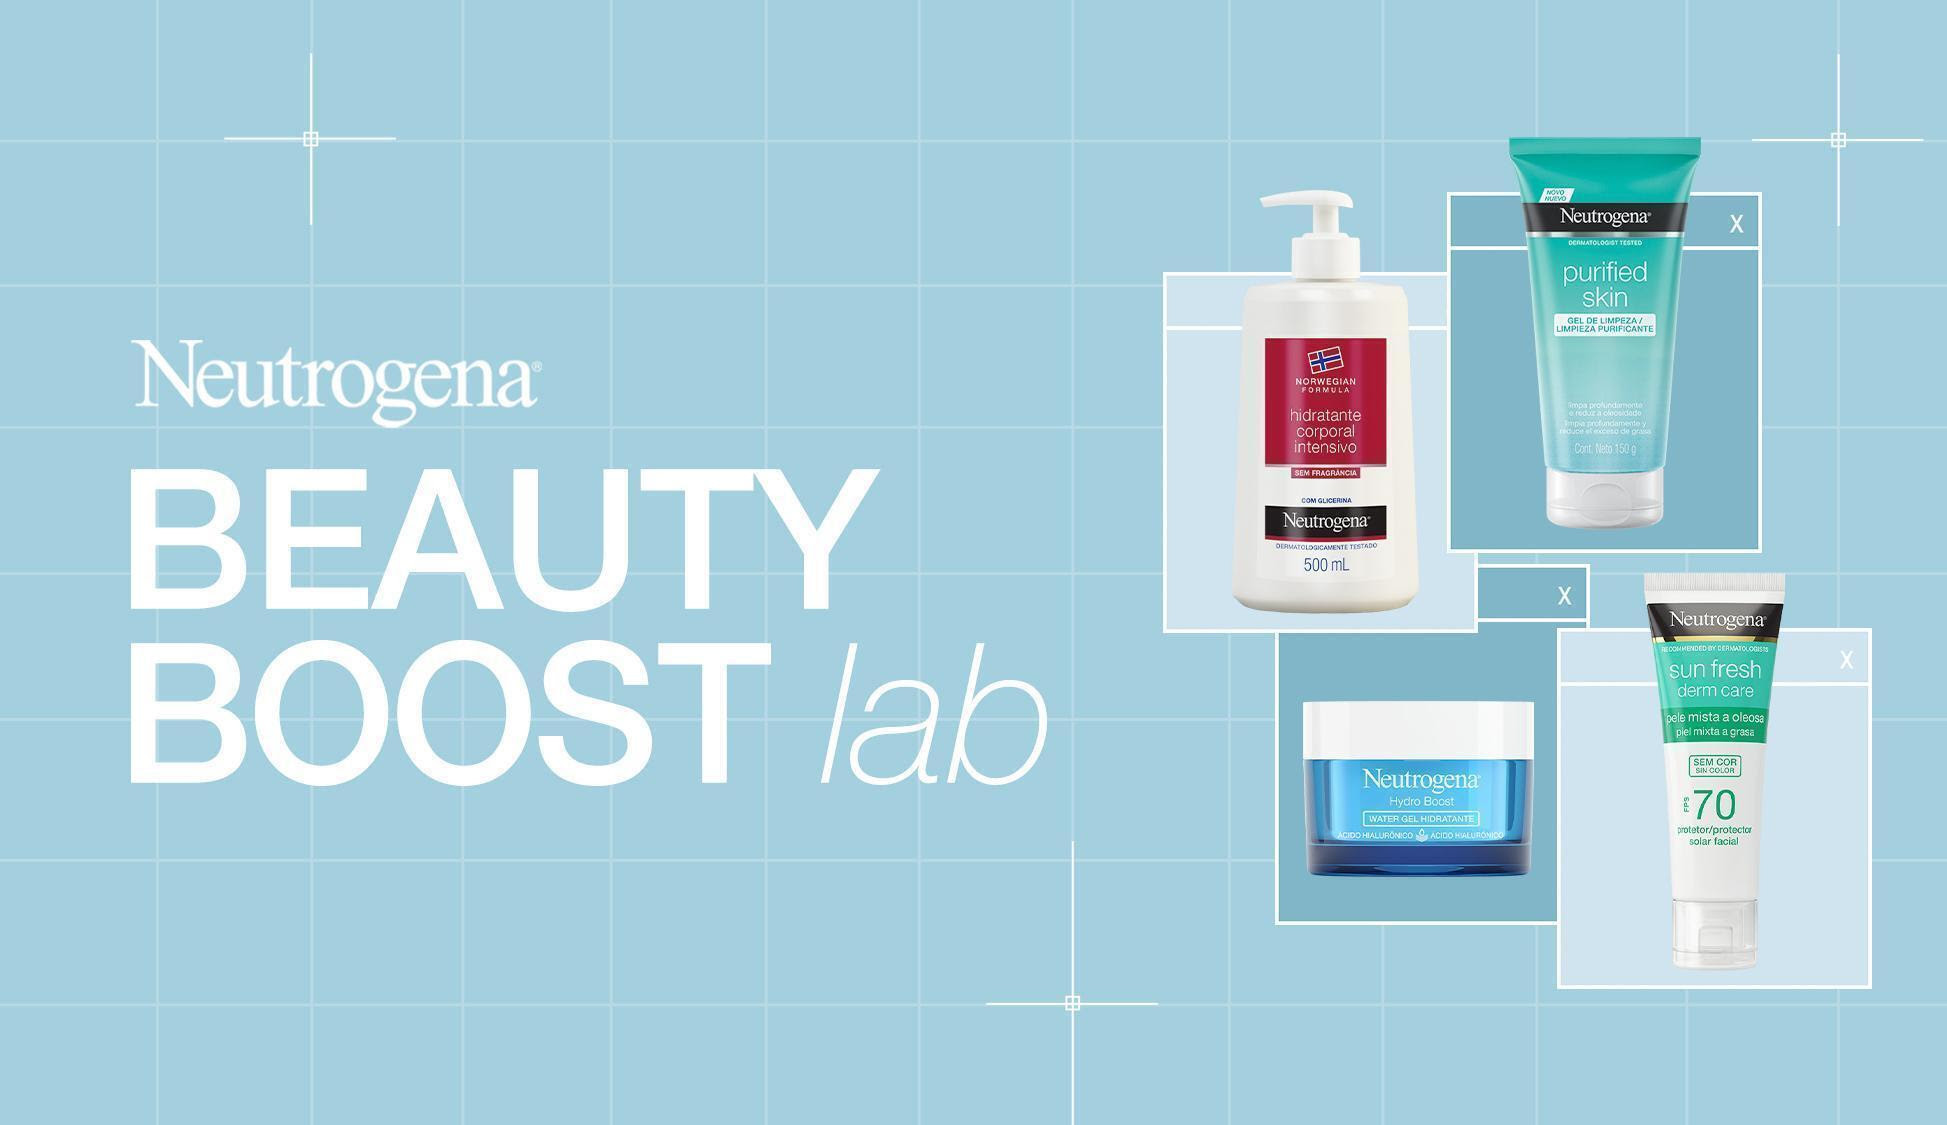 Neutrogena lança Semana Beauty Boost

* * *

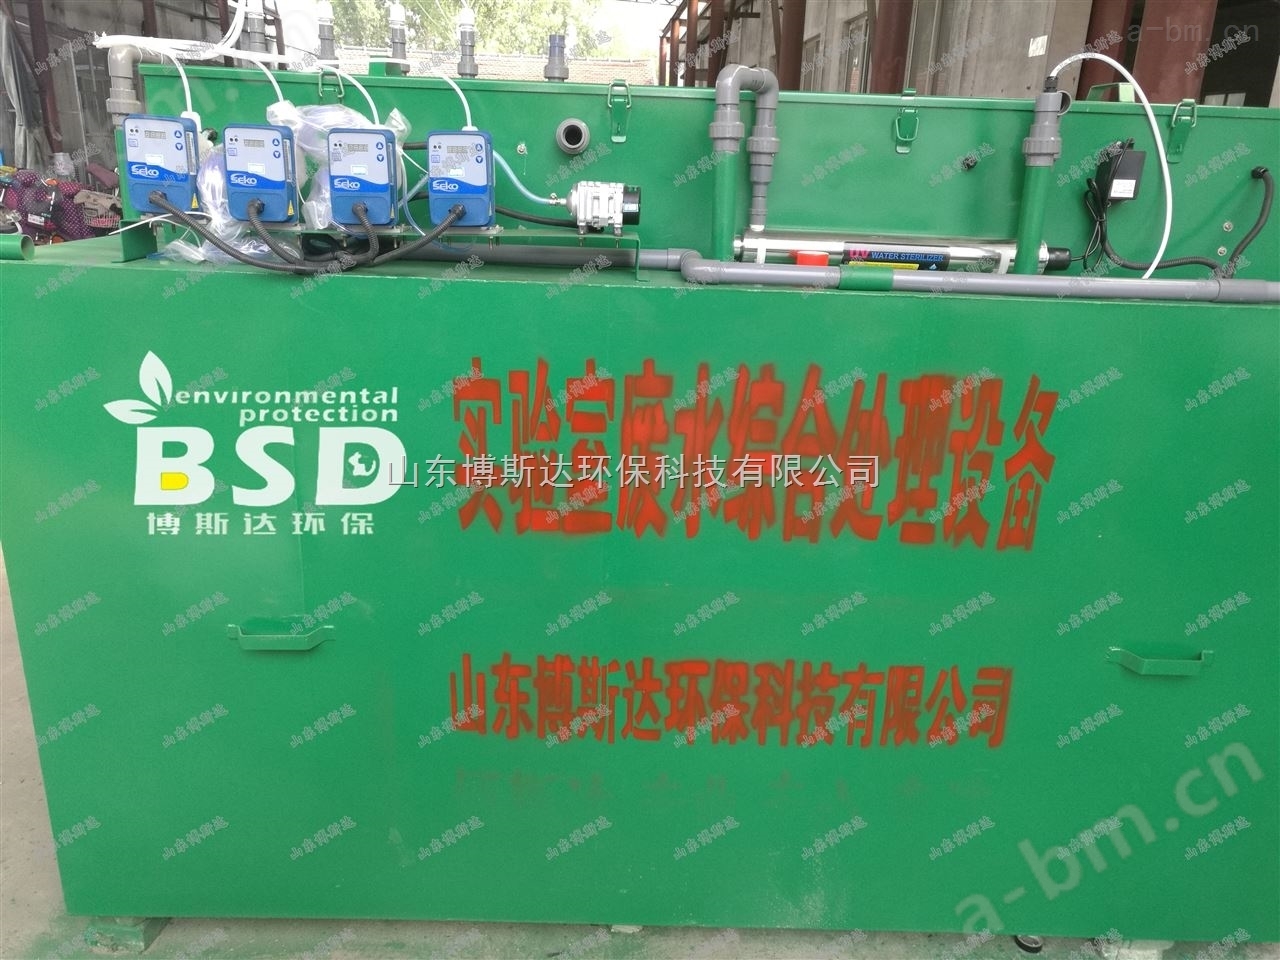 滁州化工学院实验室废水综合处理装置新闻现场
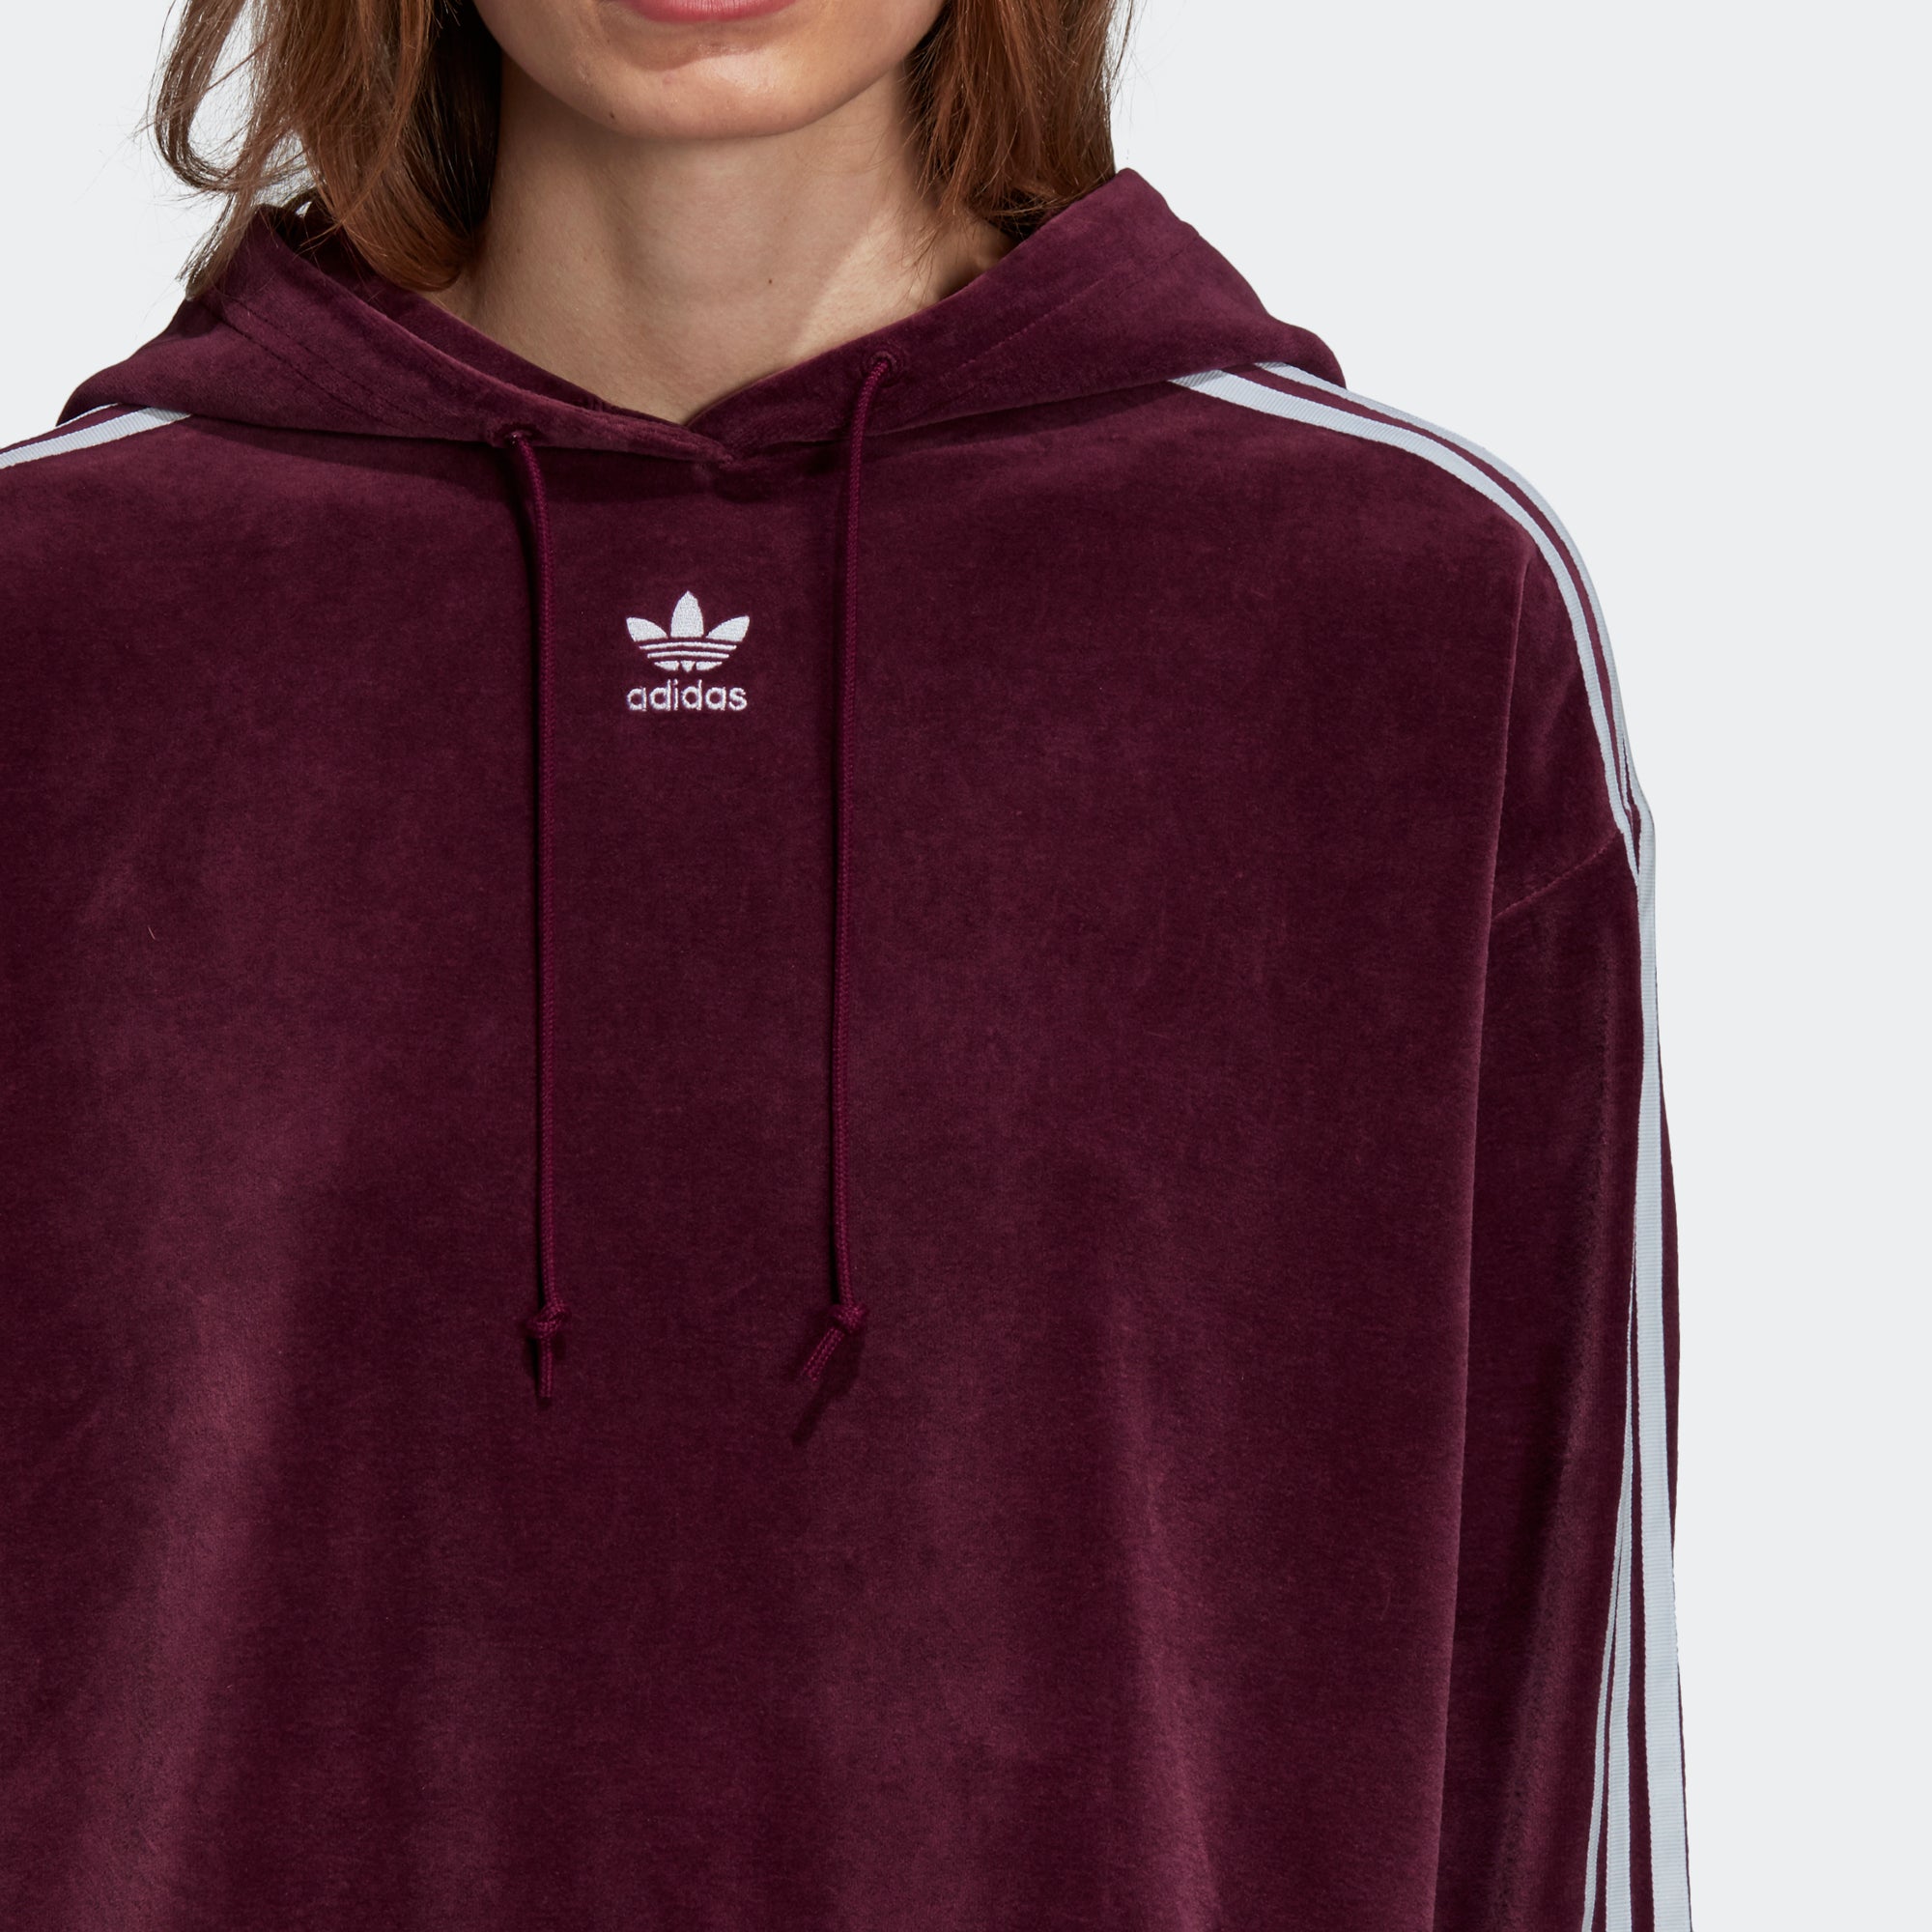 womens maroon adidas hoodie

==

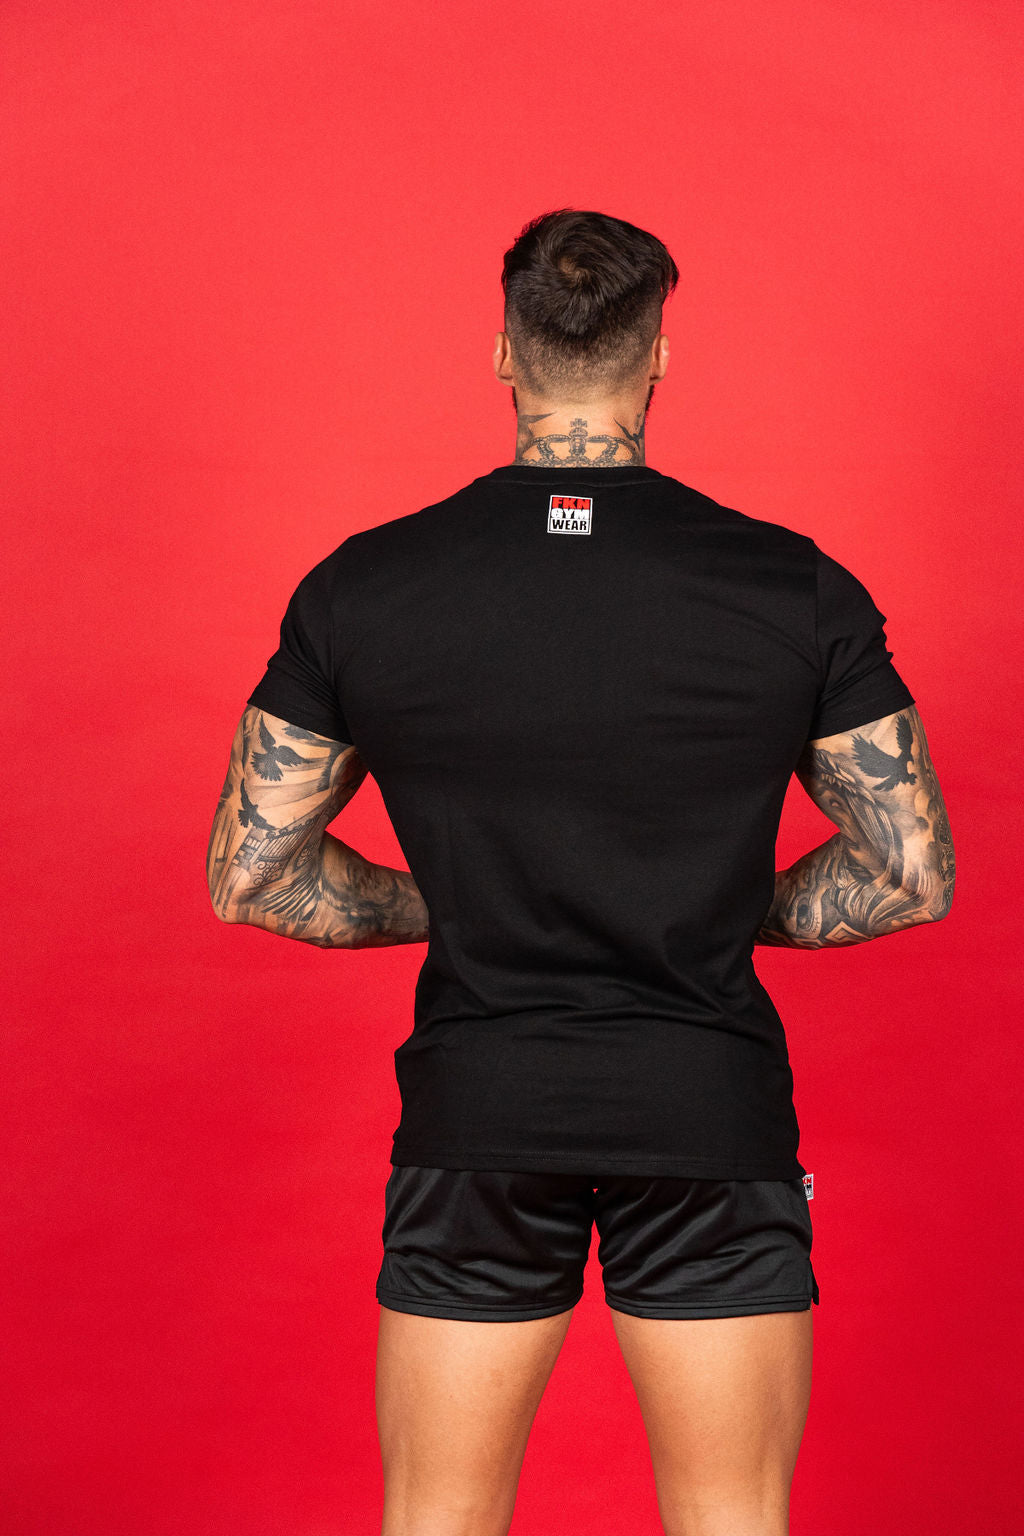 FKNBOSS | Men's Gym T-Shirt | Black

TRY IT >>
Set down, exactly as written above, each line from the one with "滁州化工学院实验室废水综合处理装置新闻现场" through the one with "womens maroon adidas hoodie", and skip the pictures.

SOLUTION TO THIS PROBLEM >>
 滁州化工学院实验室废水综合处理装置新闻现场
 womens maroon adidas hoodie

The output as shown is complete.